La Constitution marocaine de 2011 - Analyses et commentaires est le titre du nouveau livre initié et réalisé sous la direction du Centre d'Etudes Internationales* (CEI), paru aux éditions LGDJ le 24 avril 2012 et distribué au Maroc depuis le 15 juin 2012 par La Croisée des Chemins.
Dans cet ouvrage collectif, Frédéric Rouvillois** parcourt les formes et les modalités de la révision constitutionnelle découlant de la nouvelle Loi fondamentale.
Ce que l'on note d'emblée, à propos des procédures de révision prévues par les articles 172 à 175 de la Constitution marocaine de 2011, c'est qu'elles sont en parfaite consonance avec l'esprit de cette dernière en ce qu'elles manifestent, tout à la fois, le souci de parachever l'Etat de droit, d'affirmer l'importance des organes élus démocratiquement et de conserver au roi, ou plus exactement, au dialogue noué entre celui-ci et son peuple, la place centrale. En somme, elles traduisent une mutation conforme à la vertu de prudence qui caractérise la nouvelle Constitution, sans céder aux tentations séduisantes mais dangereuses de la rupture.
La consolidation de l'Etat de droit
Leitmotiv de la politique réformiste du roi Mohammed VI depuis son avènement, le thème du « parachèvement de l'Etat de droit » se traduit de façon spectaculaire par l'interdit constitutionnel figurant dans l'article 175. L'article 100 de la mouture constitutionnelle de 1992, devenu l'article 106 du texte de 1996, qui n'était pas sans rappeler l'article 89, alinéa 5, de la Constitution française du 4 octobre 1958, disposait que « La forme monarchique de l'Etat, ainsi que les dispositions relatives à la religion musulmane, ne peuvent faire l'objet d'une révision constitutionnelle ». Cette interdiction, commentait à l'époque le professeur Rousset, n'est que la traduction formelle d'une réalité consubstantielle à la société et à l'Etat marocains depuis leurs origines et qui relève de ce que l'on peut appeler la Constitution matérielle. Elle vise « (…) à mettre hors d'atteinte de la révision ce que le constituant originaire estime si fondamental pour la société politique que sa remise en cause n'apparaît pas concevable ». Or, le nouvel article 175, sans bien entendu toucher à ces fondamentaux, y ajoute, innovation capitale, les dispositions « (…) sur le choix démocratique de la Nation ou sur les acquis en matière de libertés et de droits fondamentaux inscrits dans la présente Constitution ».
Vu l'extrême généralité de sa formulation, le premier point, qui évoque l'intangibilité du choix démocratique, semble n'avoir, à dire vrai, qu'un sens incertain, et par conséquent, une valeur juridique douteuse.
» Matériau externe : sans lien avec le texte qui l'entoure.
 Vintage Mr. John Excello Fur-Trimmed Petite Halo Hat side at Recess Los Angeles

La signification du terme « démocratique » est en effet si large, si vague, qu'une telle disposition, prise au pied de la lettre, suffirait à empêcher à l'avenir toute évolution constitutionnelle, de même que l'article 4 de la Constitution française de 1958, selon lequel les partis et groupements politiques « (…) doivent respecter les principes de la souveraineté nationale et de la démocratie », pourrait permettre d'en interdire un grand nombre. C'est d'ailleurs pourquoi le Conseil constitutionnel français refusa dès l'origine de prêter la main à une telle interprétation.
En revanche, le second point de l'article 175, relatif aux acquis en matière de libertés et de droits fondamentaux, a pour effet incontestable de sanctuariser ces derniers, de les placer définitivement hors d'atteinte, non seulement du législateur ou du pouvoir réglementaire, mais aussi, du constituant lui-même. Cette disposition, qui fait bénéficier ces droits d'un « effet cliquet », situe le Maroc, au moins sur le papier, dans le peloton de tête des Etats de droit, conformément d'ailleurs à ce que proclamait le roi dans son discours du 17 juin 2011, lorsqu'il affirmait que « (…) la Constitution marocaine sera une Constitution des droits de l'Homme (…) ».
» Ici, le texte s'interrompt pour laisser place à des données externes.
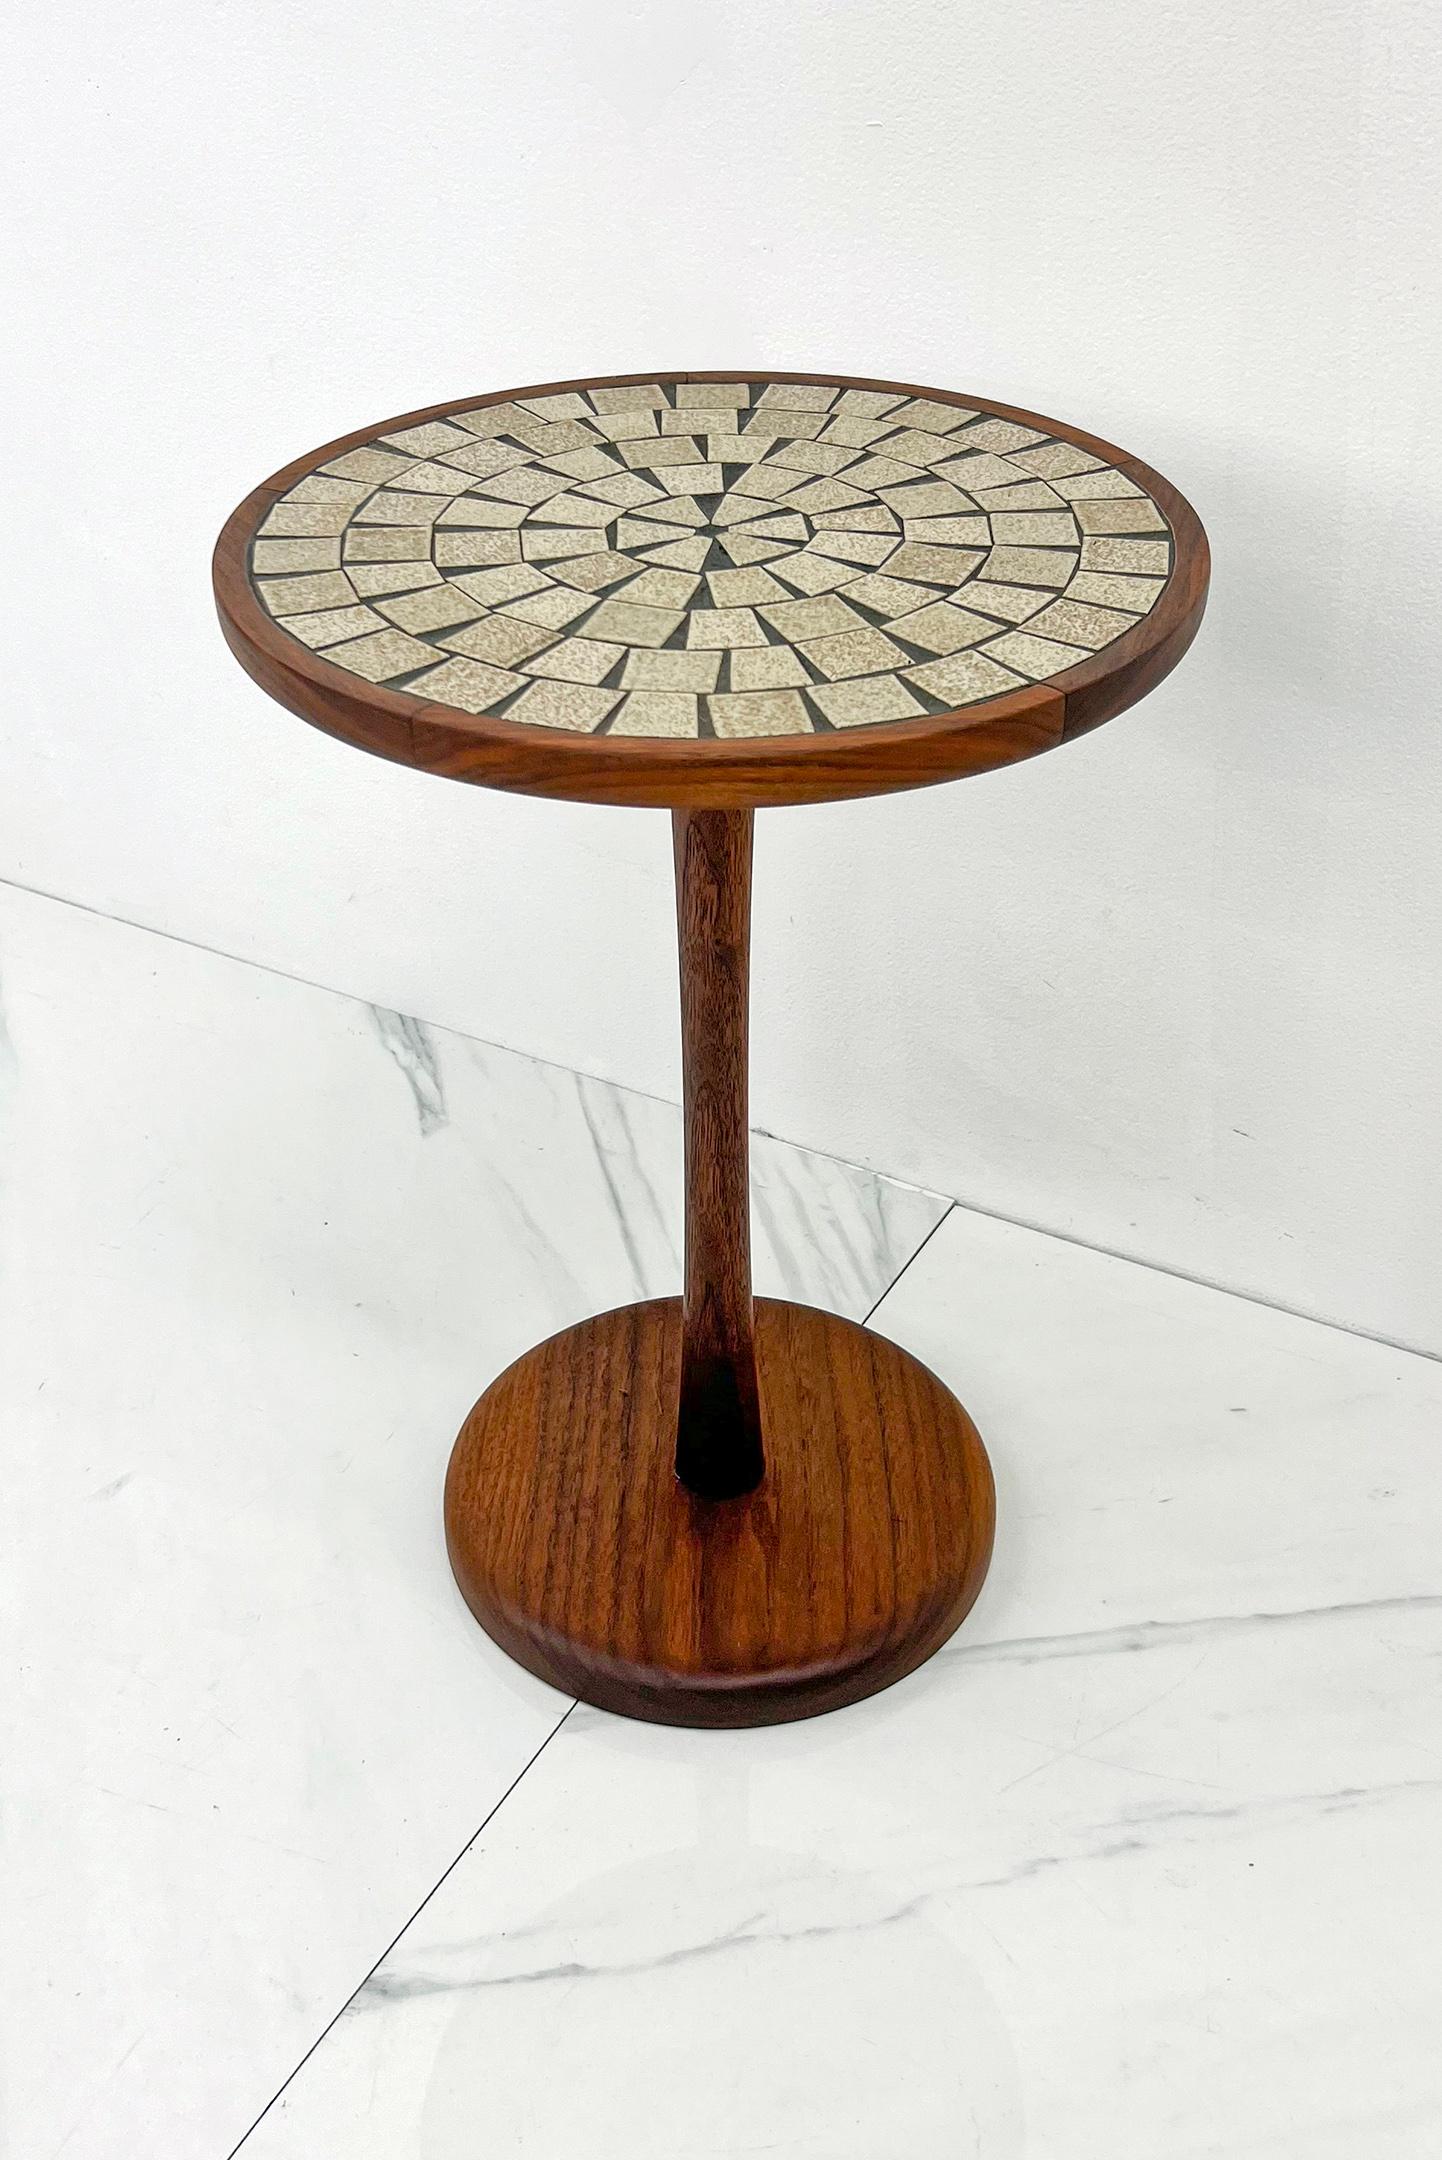 Gordon & Jane Martz Occassional Table, Teak, Ceramic, 1950's For Sale 7

Sur le papier ? Non que l'on puisse faire peser un soupçon quelconque sur la sincérité de ces dispositions, ni sur leur valeur juridique. Ainsi, la Cour constitutionnelle pourra-t-elle en vérifier le respect, notamment dans le cadre de la procédure de révision parlementaire prévue à l'article 174. Tout ce que l'on veut dire par là, c'est que, par définition même, les interdits constitutionnels n'ont qu'une consistance pratique assez limitée, puisqu'il suffit, pour les contourner, de réviser l'article qui les met en place, en l'occurrence, l'article 175, ou encore, de changer de Constitution. Ce qui serait d'autant plus facile qu'au Maroc, la distinction entre révision constitutionnelle et changement de Constitution n'est pas très clairement établie.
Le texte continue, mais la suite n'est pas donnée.